Arriving just after 10:30am, I was greeted by a handful of jets out on the apron and a smattering of light vintage and general aviation types across the airfield. Most notably Hangar 11's Hawker Hurricane IIB 'Pegs' was on the taxiway and, as Peter Teichman had been flying her the previous day, it looked hopeful for a repeat performance and shortly afterwards he took the Hurricane aloft.

There was a decent little set up with a small number of stalls; I hadn’t expected any. In one of the hangars was Percival Proctor 3 G-AKEX, which has just arrived in the country from Sweden, and is currently being restored to fly.

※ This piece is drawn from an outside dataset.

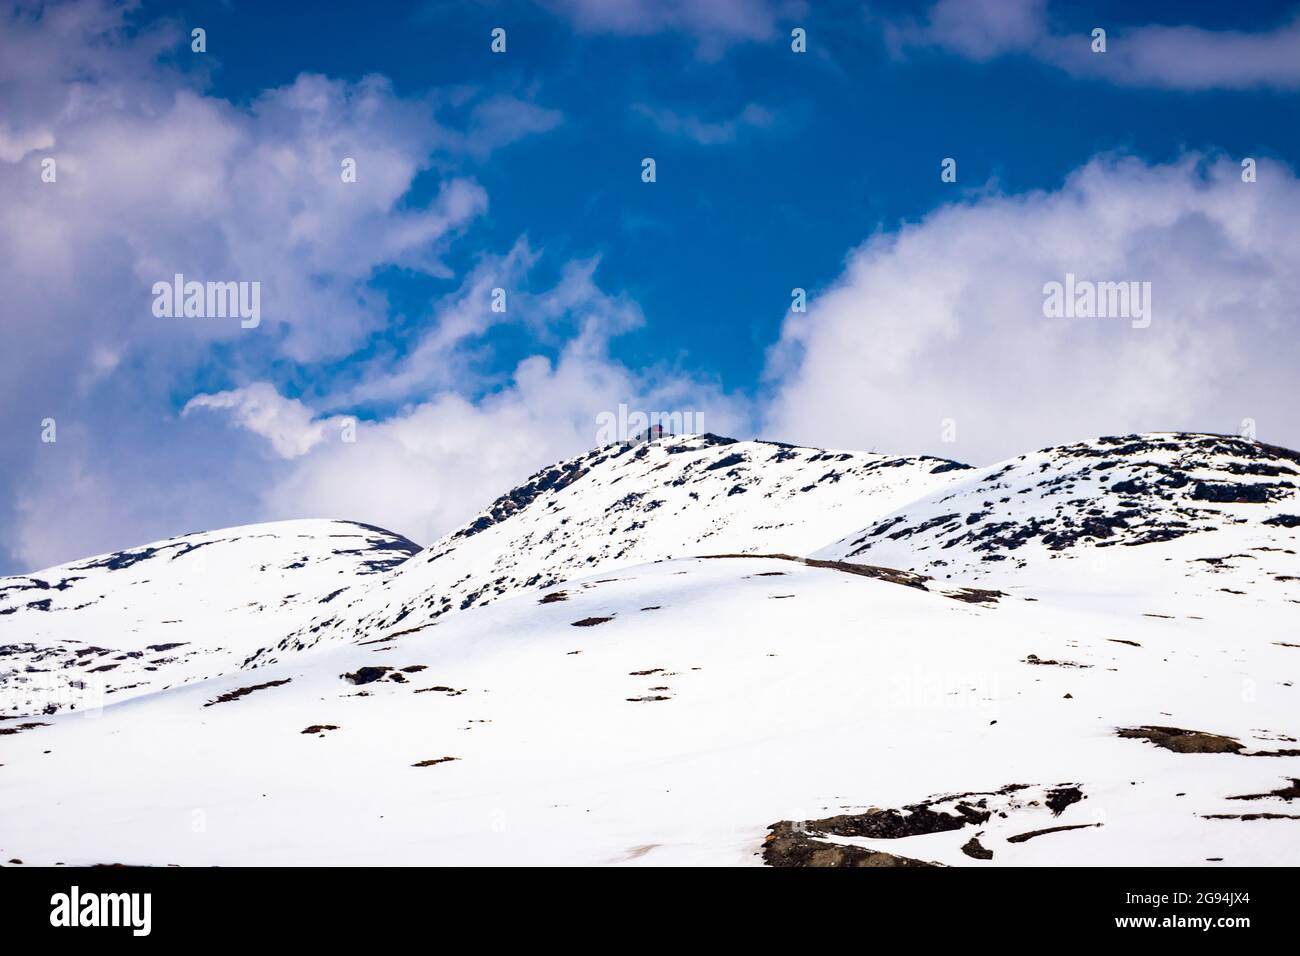 Schneekappe Berge mit hellblauem Himmel am Tag aus flachem Winkel Bild wird am Bumla-Pass arunachal pradesh india aufgenommen. Stockfoto

Both a Folland Gnat and Kennet Aviation’s Douglas AD-4N Skyraider were towed out of their hangars, with the ‘Raider doing a quick engine run before being towed round to the tie down area for some higher power tests which are always an awesome spectacle. After a burger from the Squardon’s BBQ, we headed over to watch it run up.

There were some fairly interesting visitors throughout the day including a couple of Piper L-4 Grasshoppers, Peter Holloway’s Miles M.14a Hawk Trainer 6 and Fieseler Fi-156A-1 Storch from Old Warden, Auster A.61 G-ARUI, de Havilland DH.83 Fox Moth G-ACEJ and the rather lovely Curtiss-Wright Travel Air 12Q G-AAOK. The Essex and Herts Air Ambulance also came and went throughout the day on its duties.

The sun had shone earlier in the day but by about 1pm the cloud began to build up and it became rather dull, making photography tricky. Alas, with a lull in activity we grabbed some dinky doughnuts and headed for the bar!

A little later on the Gnat finally went flying, performing a fly through and missed approach upon arrival back at ‘Weald. I rarely get to see a Gnat fly nowadays so it was a very welcome sight. There was a great walkway out onto the grass parallel with the runway which afforded much better views of aircraft landing and departing than normal.

It was somewhat disappointing that there had been information about this fly-in incorporating a meeting of Jet Provosts and Strikemasters, with invitations being sent to every owner in the country. There were but five examples on static and none of the massed flypasts ever materialised; not even one went up!

We were hanging on in the hope of seeing Peter Teichman arrive back with the Hurricane and luckily just as we were thinking about leaving we spotted Pegs out on the horizon. With a nice and close topside flypast from Peter followed by landing on, we called it a day!